__The task__.
Copy exactly the lines from the one containing "Der Bestatter-Wagen hat in Malters parkiert." through the last line of the records, both included, and nothing more.

__Source data__.
__________________________________________________
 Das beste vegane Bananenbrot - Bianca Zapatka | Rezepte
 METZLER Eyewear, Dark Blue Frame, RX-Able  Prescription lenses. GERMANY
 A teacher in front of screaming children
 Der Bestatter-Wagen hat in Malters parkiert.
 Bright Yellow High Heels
__________________________________________________
__Problem solution__.
 Der Bestatter-Wagen hat in Malters parkiert.
 Bright Yellow High Heels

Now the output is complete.